他又拍几下手,“其他家属别闲着,跟着搭把手啊,赶紧的,不然我给他现场解剖喽。”
闻言,摊在地上的男人立即坐起来,装作一副要吐的模样,脸色煞白地推开身边男生往外冲,“我晕血……哕……哕!”
可是他从俞亦安面前路过之后,地上一点呕吐物都没有。
姜城清了清嗓子冲众人喊道:“家属们要回去忙的赶紧去忙,要不就去录口供,我这地儿小,装不下这么多人。”
宫凡心负责询问死者人际关系,姜城一嗓子嗷完,他迅速绕到两位女士身边,招呼着她们往斜对面的会议室走,跟在后面的还有穿着黑色卫衣的男生。
三四个人刚路过俞亦安时,男生一个没站稳,朝他跌来。
好在池洵眼疾手快拽走了他,没让那男生倒俞亦安怀里,只压到了他的半只拖鞋。
身边的几个人蹲下去扶人,正要给他拖起来,姜城走了过来。
他弯下腰简单扫两眼,“低血糖,给他戳两针维生素剂就行。”
“那姜叔……”宫凡心叹了口气,“人就先留你这了,我先带这两位女士去做笔录。”
姜城把男生拖起来,不小心拽到了他的袖口,就那么一霎间,白皙的手腕上结痂的伤口,冲进了俞亦安的视线。

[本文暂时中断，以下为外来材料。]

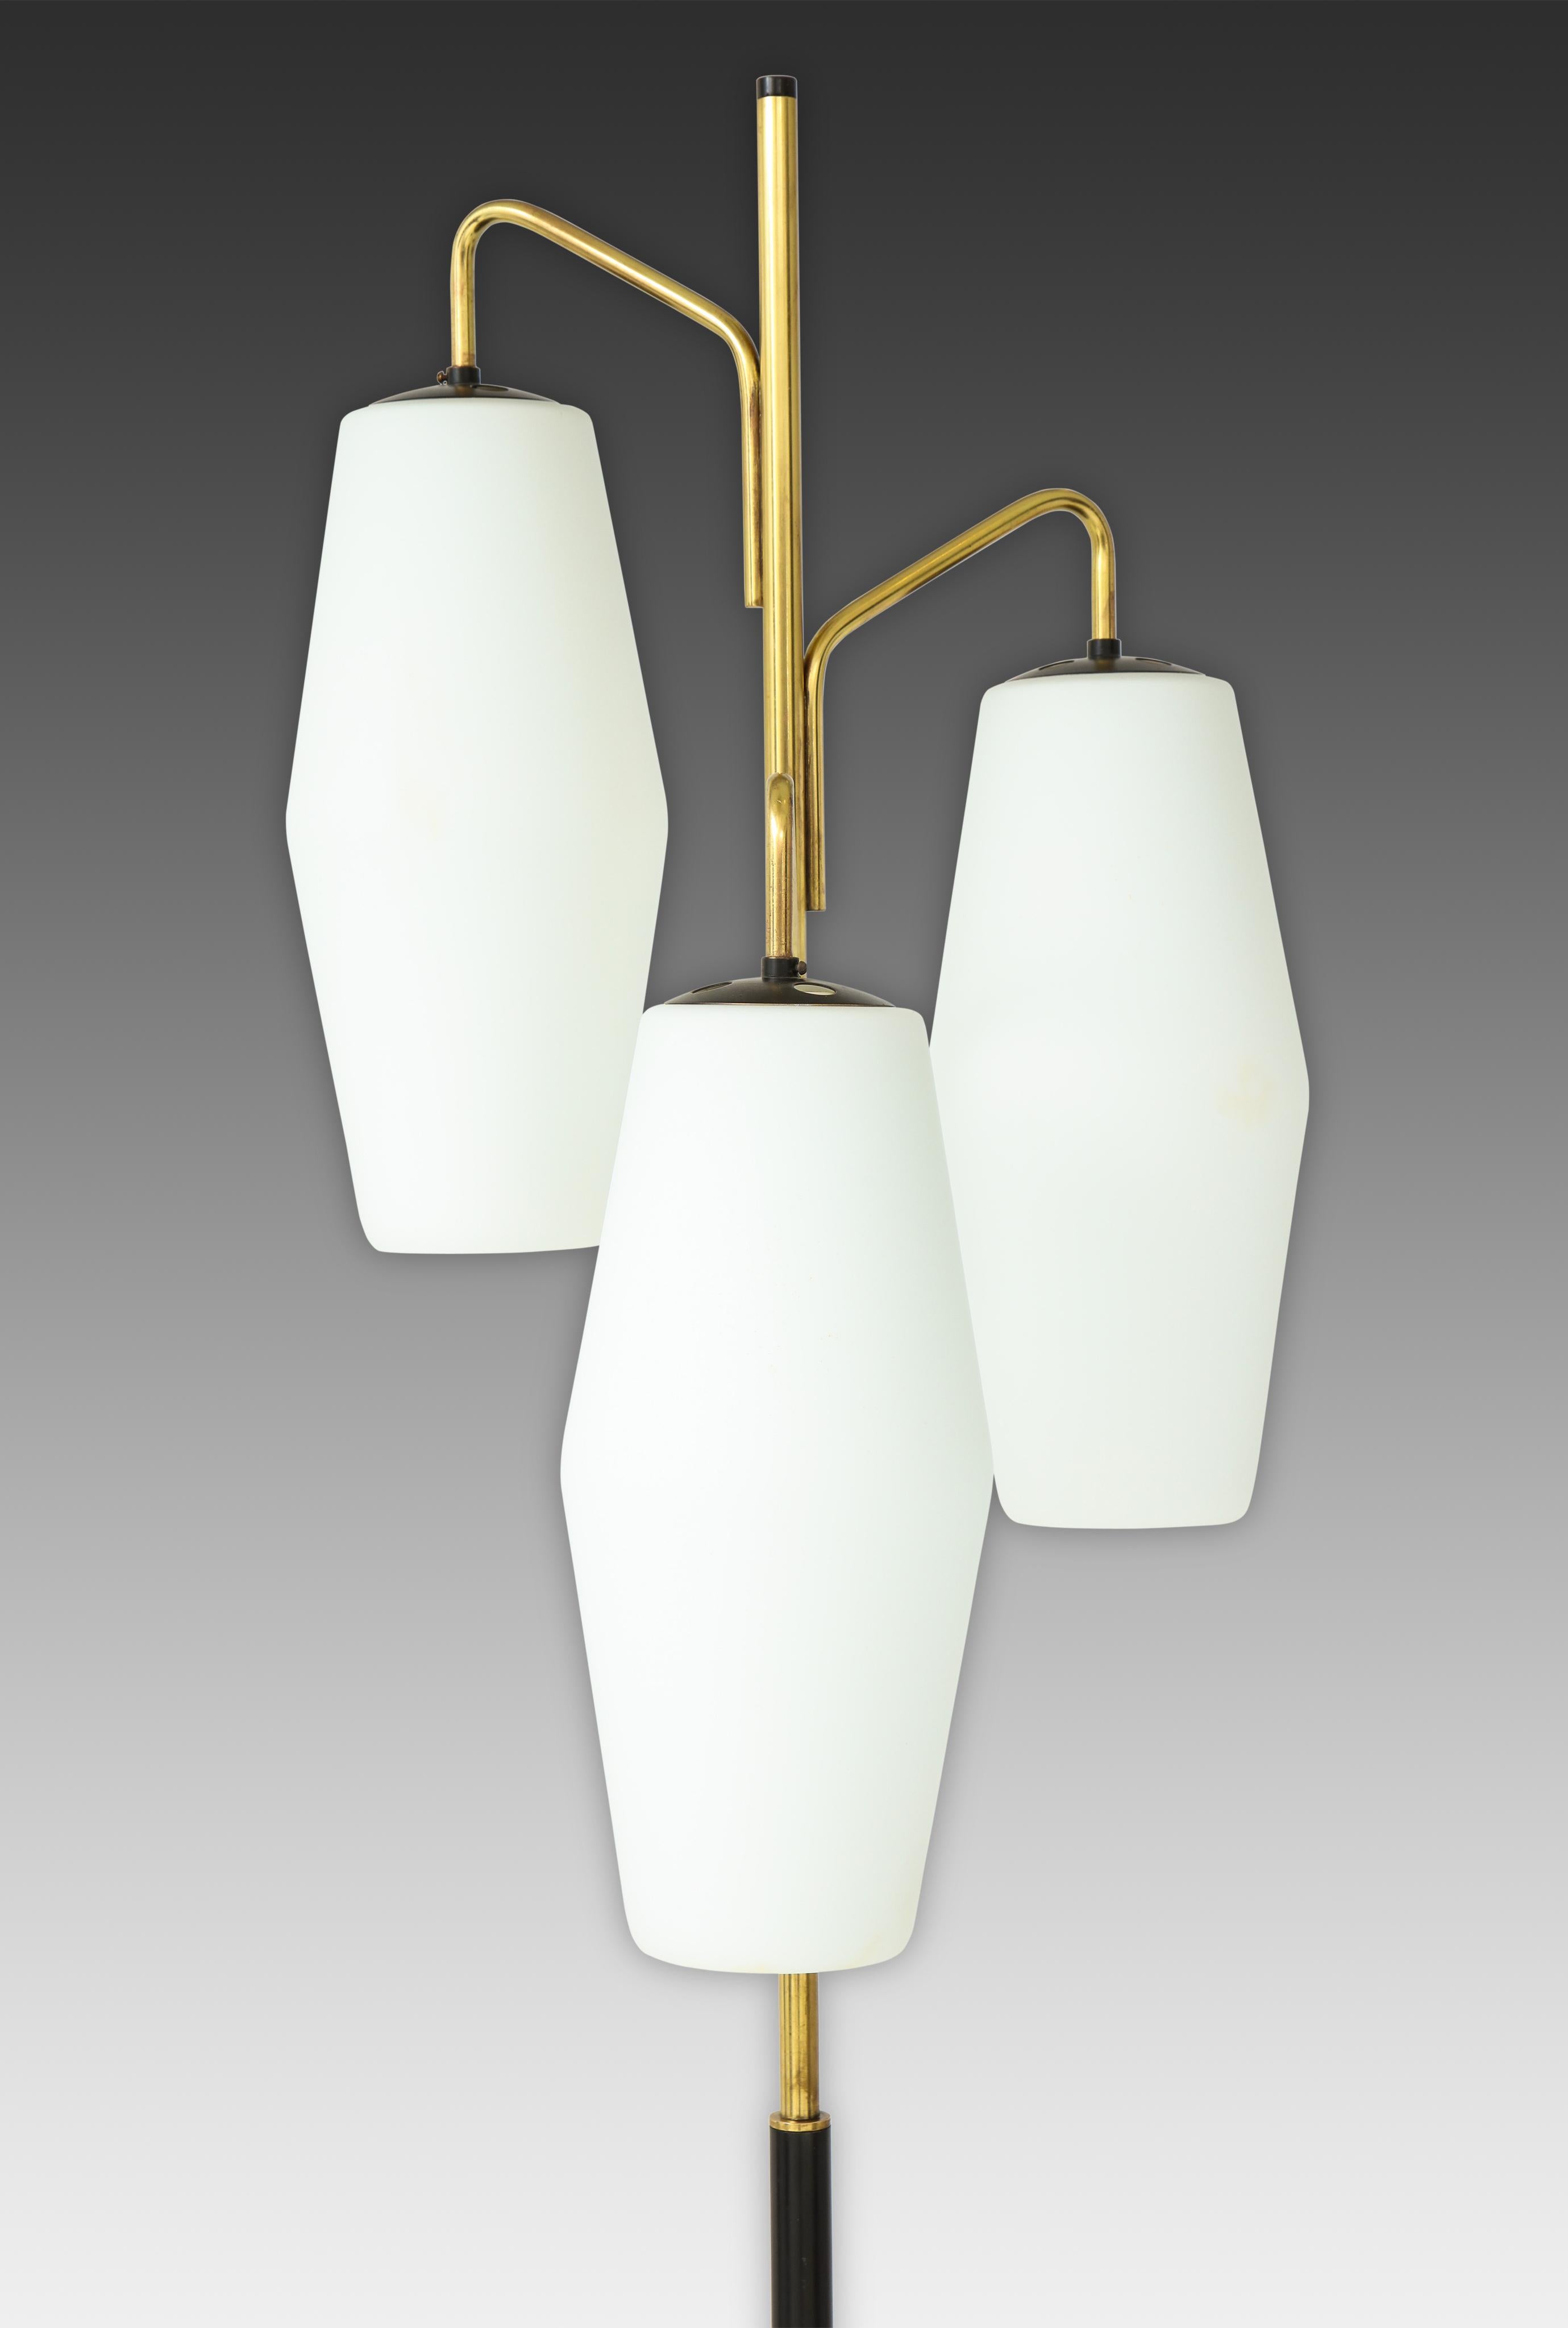 Lampadaire Stilnovo avec trois abat-jours lanternes en verre opalin suspendus à des bras en laque dorée et une tige émaillée noire se terminant sur une base en marbre de Carrare, Italie, années 1960. 
Nouvellement recâblé aux normes

像是被猫抓的,又像是被狗挠的,更像是……用刀片划的。
姜城也看到了,伸手给男生拉好卫衣领,“年纪轻轻的有什么想不开的。”
“姜叔。”俞亦安叫住他。
姜城一转头:“怎么了?”
“你给他做一份身上的伤痕检测报告吧。”
姜城扫一眼梁誉晨手腕上的划痕,“他现在还晕着,不经本人同意……而且,他这伤口想不想让人看到还是一回事呢。”
俞亦安想了片刻,说:“那等他醒了,你帮我问问他。”
“行。”
姜城扶着男生走了,池洵往俞亦安身边一挪,“你认识他?”
“职业病。”俞亦安说完,又看向白小小,若有所思地问:“他是梁远耀的哪位家属?”
白小小机械式解释道:“梁远耀,54岁,在金逸集团占股51,最大的股东兼董事长。家庭关系偏复杂,娶过3个老婆,第一任十四年前死了,为他生一个儿子;十年前娶第2个,为他生一对龙凤胎,三年前离异,孩子判给女方;三个月前娶的第3个老婆,二十四岁,就是他的秘书丁言。”
“刚才那位是梁远耀的长子,梁誉晨,二十一岁,本科大三生,建筑专业。”
俞亦安垂了垂睫,“万侨的外甥?”
白小小点头,随后指了指会议室,“恐龙在询问死者家属,方老师,你要去看看吗?”
俞亦安还没想好怎么向池洵解释七年不露面的事,走之前,不忘对池洵说:“办公室等我。”
会议室里静得像医院凌晨三点的太平间。
宫凡心和笔录员坐在一边,两个女人坐在对面,一位穿着素雅,另一位妆容精致,是梁远耀的前妻钱慧慧,和他的现任夫人丁言。
俞亦安在墙边找张椅子坐下,翻看起两个女人的资料。
钱慧慧,45岁,画家……
“画家”两个字,让俞亦安无意识蜷了蜷手指,他轻轻往后翻页,是她的临摹作品,画风过于熟悉,俞亦安下意识伸出手触碰。
“别乱碰。”钱慧慧面色冷淡地打断他:“你这一碰我不知道要补多久。”
俞亦安思绪恍惚一下,抬眸问:“原画在您那里?”
“梁远耀说是真画,求婚那天送我的,后来我发现是假的,骗子,所以我跟他离婚了。”
宫凡心在警局五六年,什么样的人都见过,听到这句话也没什么反应,反倒是丁言开了口:“他没骗你,那幅就是原画,卖给他画的人……”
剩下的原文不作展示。